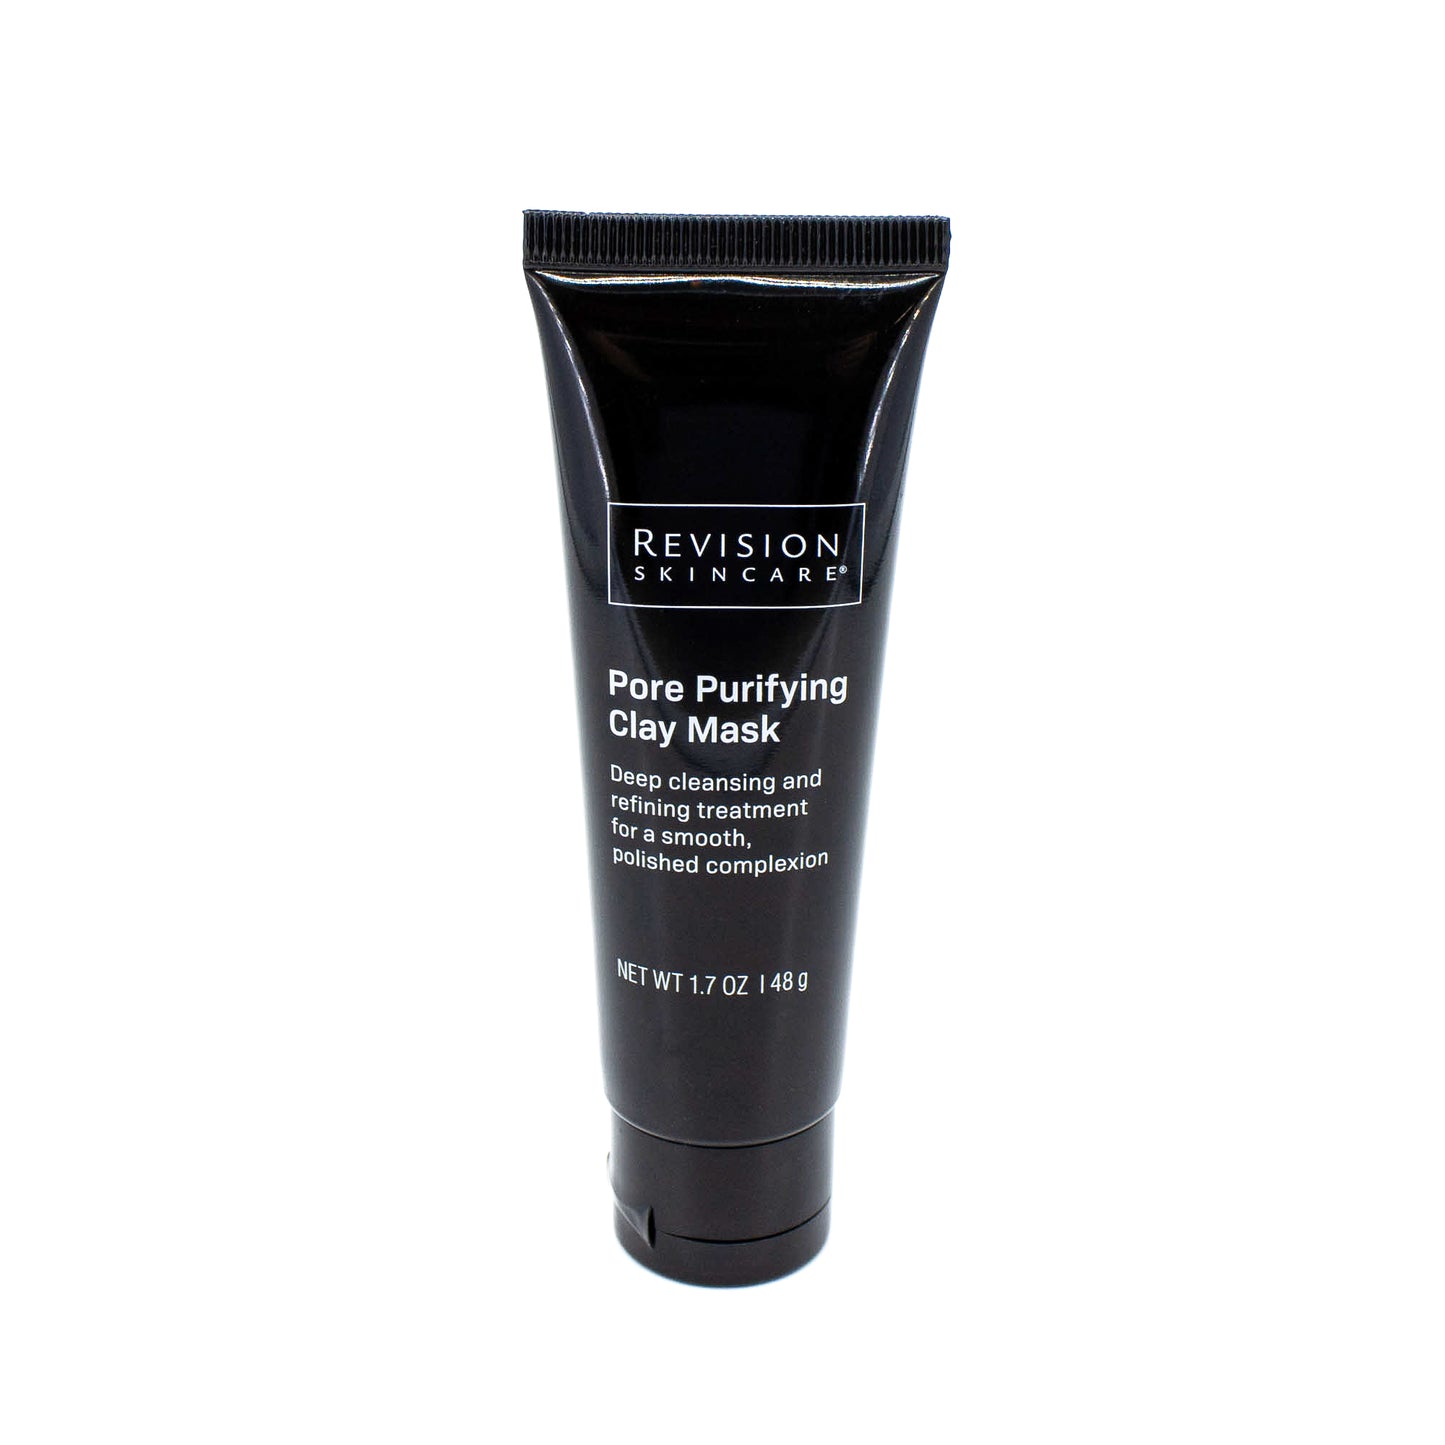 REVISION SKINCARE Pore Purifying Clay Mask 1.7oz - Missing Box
...
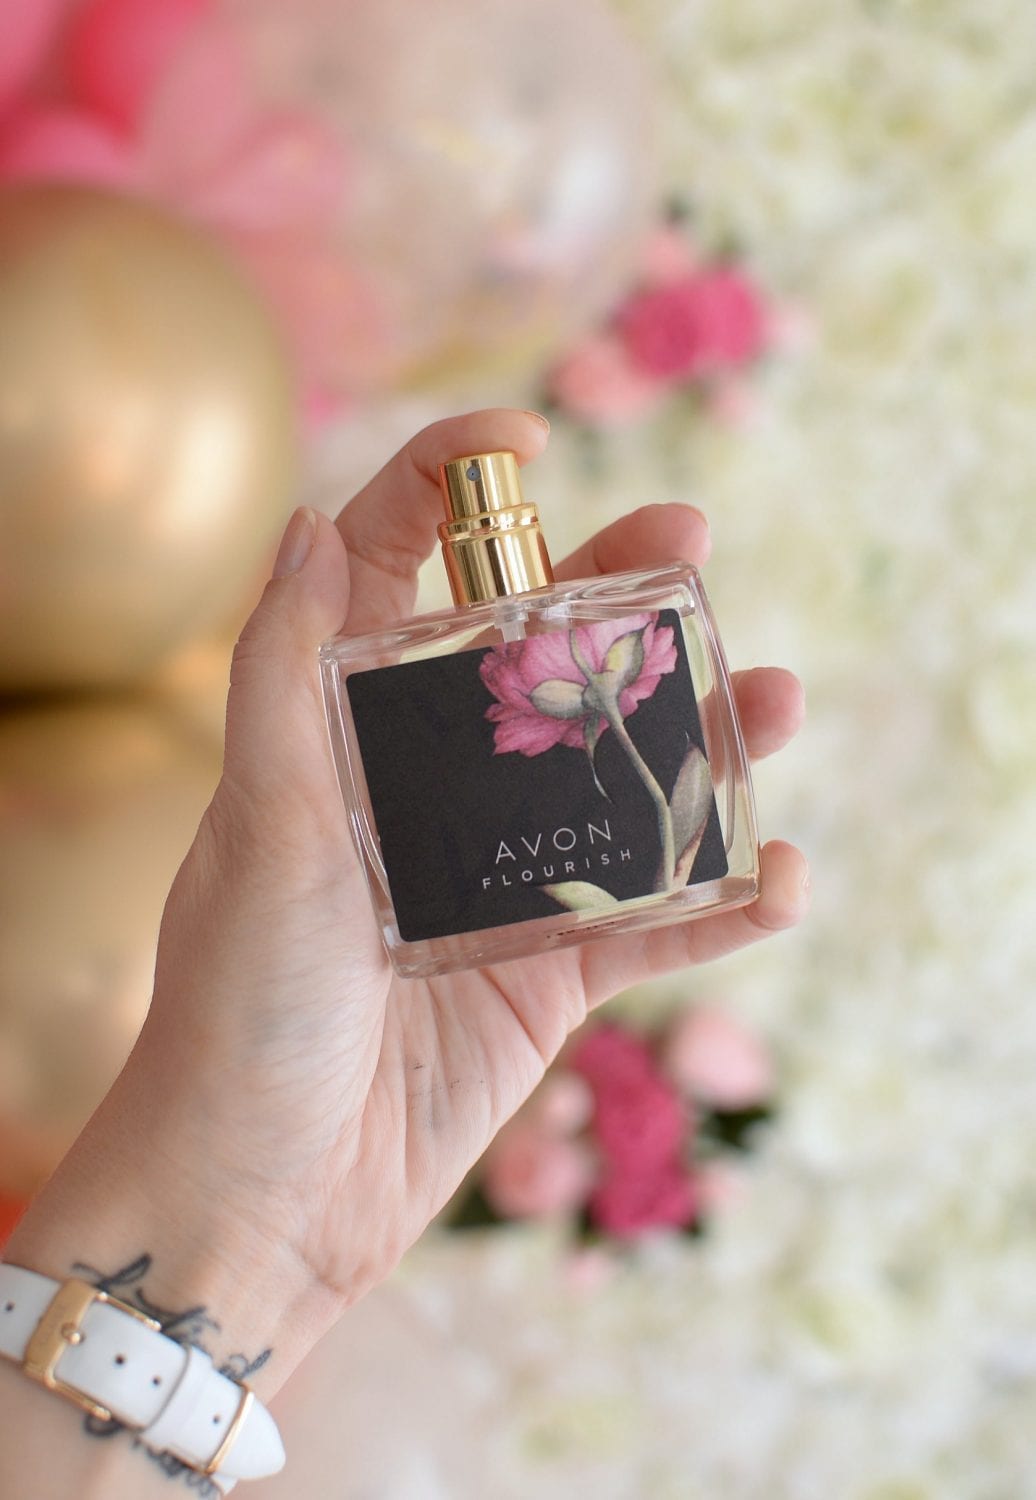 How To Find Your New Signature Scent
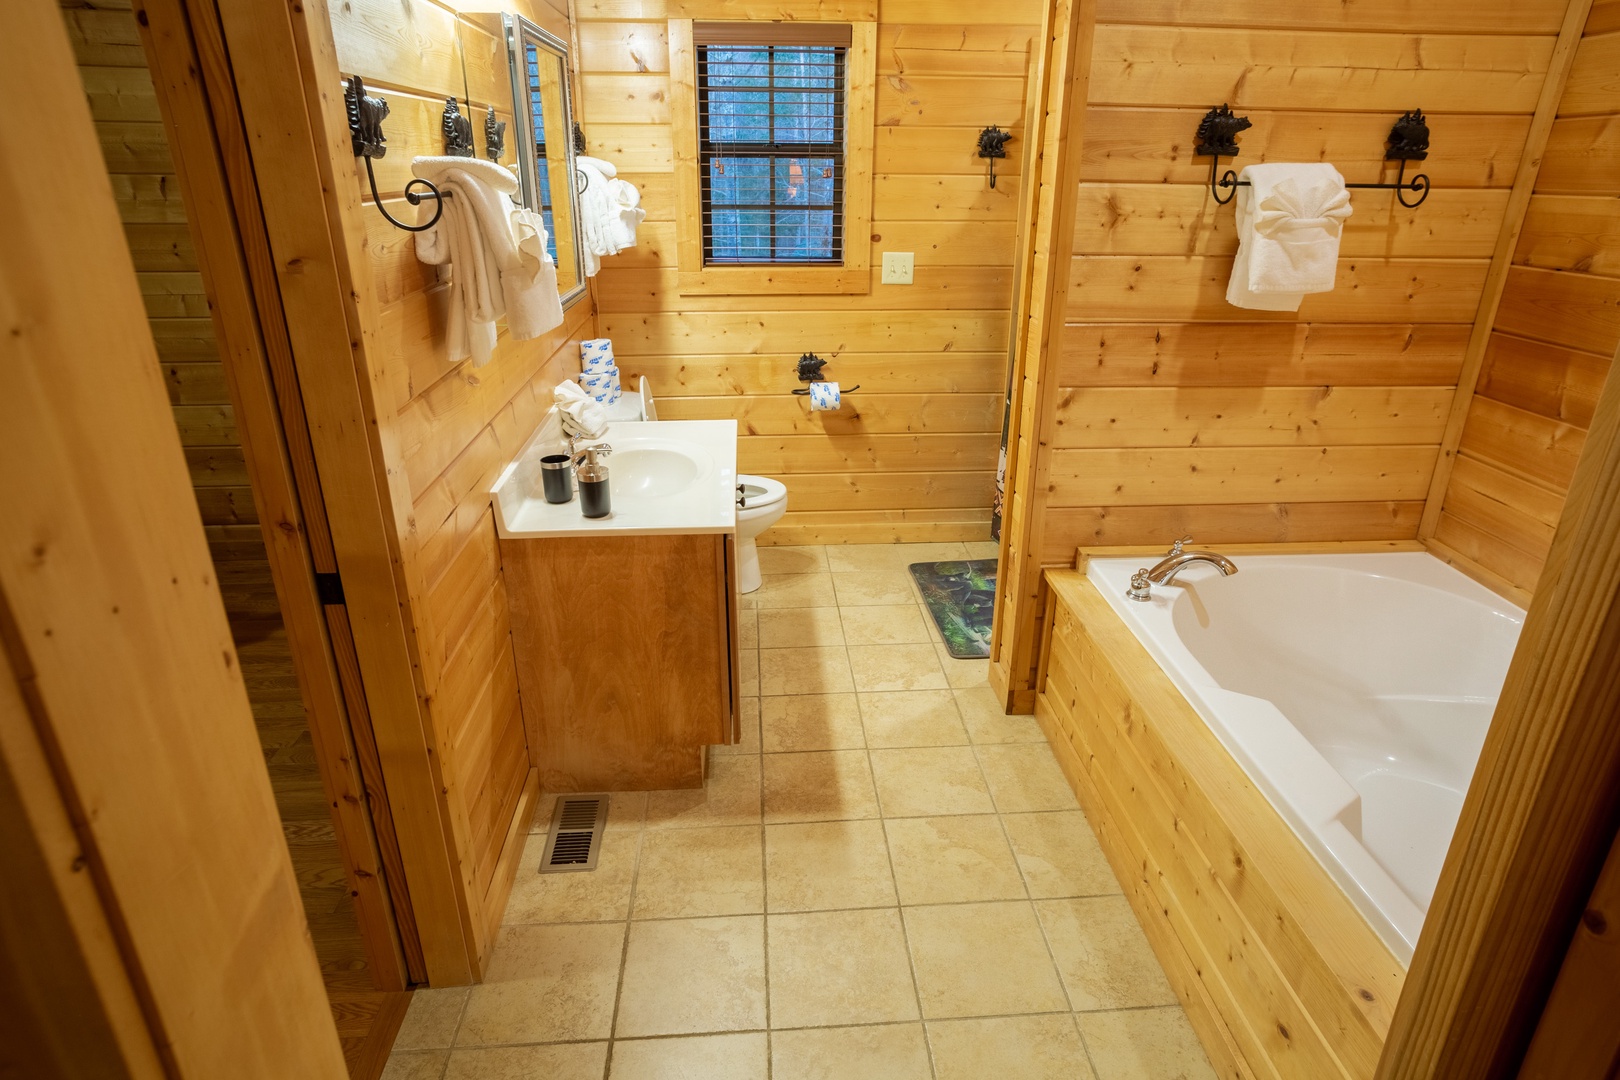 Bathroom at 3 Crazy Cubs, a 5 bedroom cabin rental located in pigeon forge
==
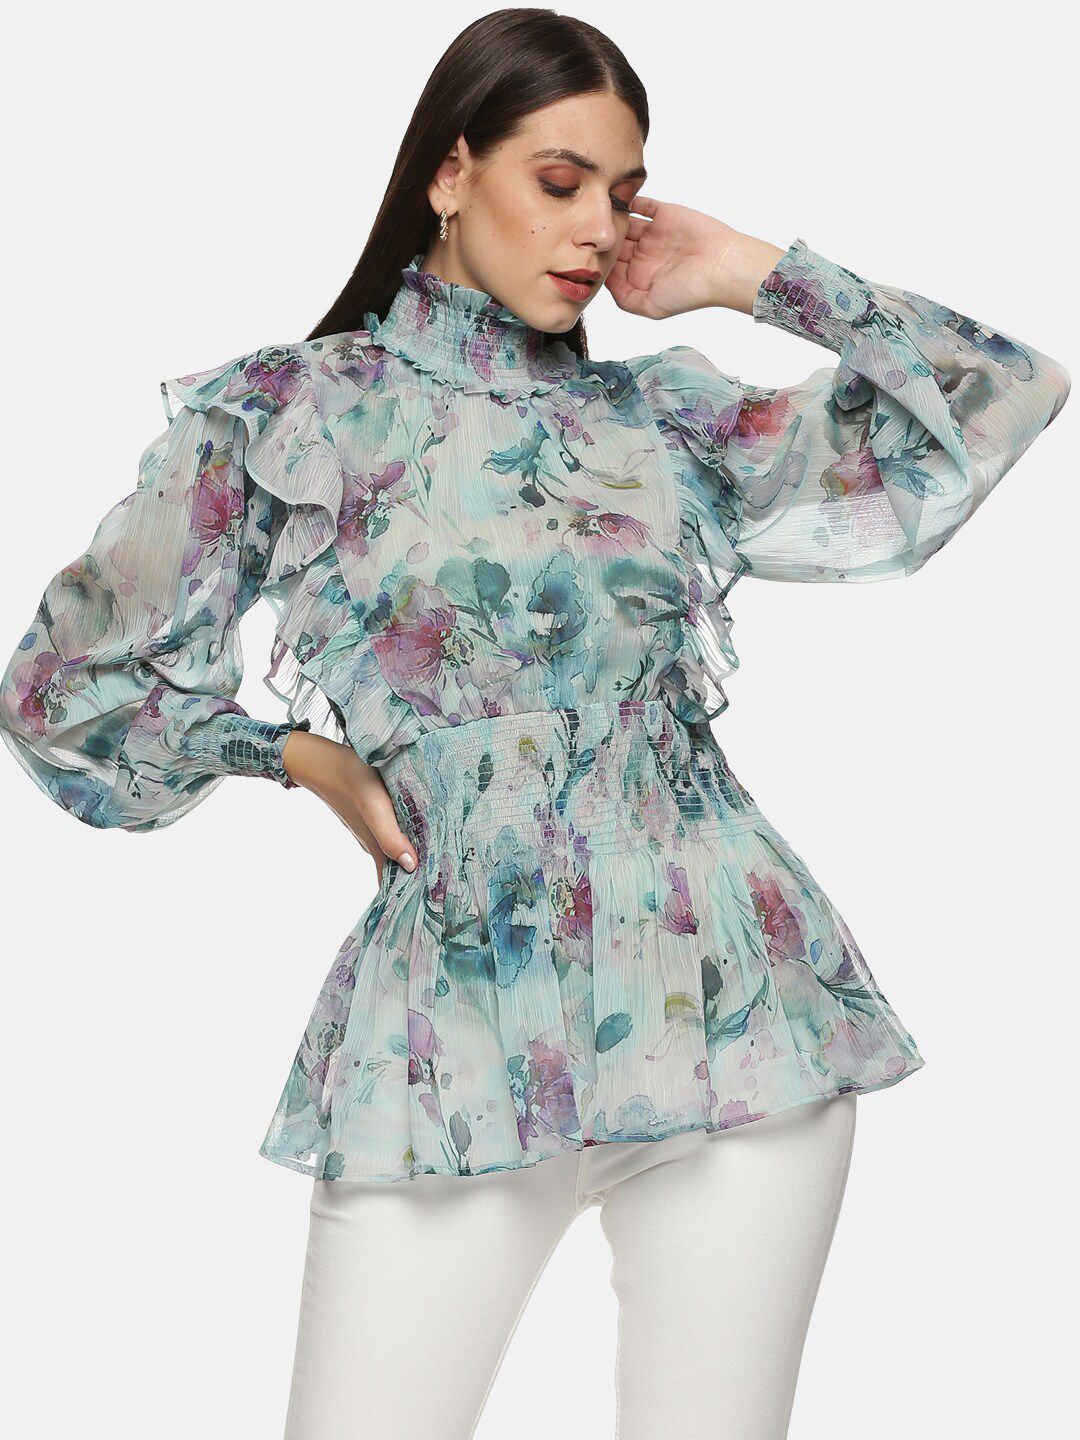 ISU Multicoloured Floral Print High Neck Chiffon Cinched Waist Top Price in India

§ **WHAT IS BEING ASKED**:
Though the entries above contain pictures, none should be copied; reproduce only the lines between the one holding "How To Find Your New Signature Scent" and the one holding "Bathroom at 3", inclusive, exactly as written.

§ **EXERCISE RESPONSE**:
 How To Find Your New Signature Scent
 Bathroom at 3 Crazy Cubs, a 5 bedroom cabin rental located in pigeon forge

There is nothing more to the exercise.